Summary of Halthis' shift: Kalorm was off epinephrine by around 11:30, not that long after Merrin went to sleep. Low hemoglobin result from - it looks like the 11 pm standard checks - decision made to administer a blood transfusion over an hour– ah, it looks like this was the second he'd gotten tonight. Kalorm's lungs didn't approve: 45 minutes in, this would have been 11:55 pm, rapidly dropping O2 sats. Treatment Planning responded with bronchodilators (not very effective, bad for heart rate) and they increased the ventilator pressure, which did improve oxygenation but dropped his blood pressure. Treatment Planning chose to decrease the anti-arrhythmics infusion rather than restart epinephrine; this was actually very good for his blood pressure. But with that combined with the bronchodilators, Kalorm had an episode of rapid a-fib a little before 12:30 am. They attempted electrical cardioversion rather than anti-arrhythmic drugs that would affect his blood pressure, and were successful after three shocks and presumably a lot of stress on everyone's part. Around 1 am his blood pressure was consistently good enough that they started easing down on the angiotensin II, and were able to cut it by 50%. Kalorm's urine output immediately improved, and this may or may not have helped out his lungs. At shift change his oxygen saturation was finally consistently above 90%. 

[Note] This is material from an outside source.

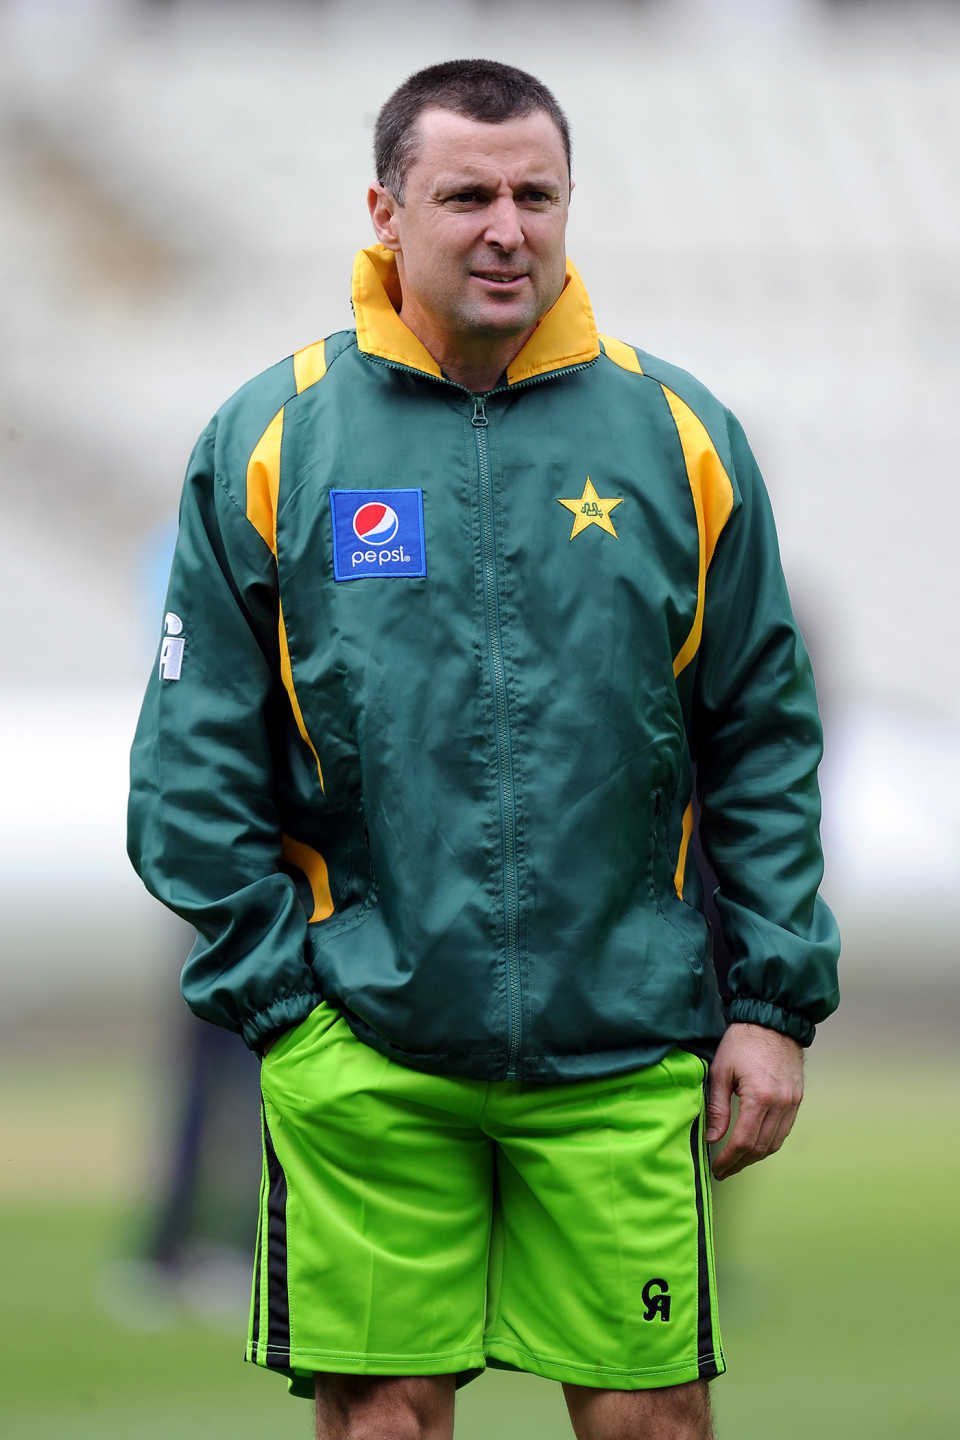 Trent Woodhill (seen here in his time with Pakistan) will continue his work as head coach of the Melbourne Stars' WBBL team

Kerrin's shift! With normal hemoglobin levels, Kalorm's lactate finally normalized. By around 3 am he was running a low-grade fever, which bumped up his heart rate again but was taken as a very positive sign on immune function, and wasn't treated. His oxygenation was still tolerable but not great - mostly above 90%, basically never above 92%, and he wouldn't tolerate lying flat; raising his head helped but also increased his heart rate for some reason (despite not touching his blood pressure). They decided not to prioritize a repeat scan, since it's not like they're running out on a short time window, the infection-tracking radioisotope-labeled white blood cells will actually form a clearer picture once it's been 24 hours since the injection.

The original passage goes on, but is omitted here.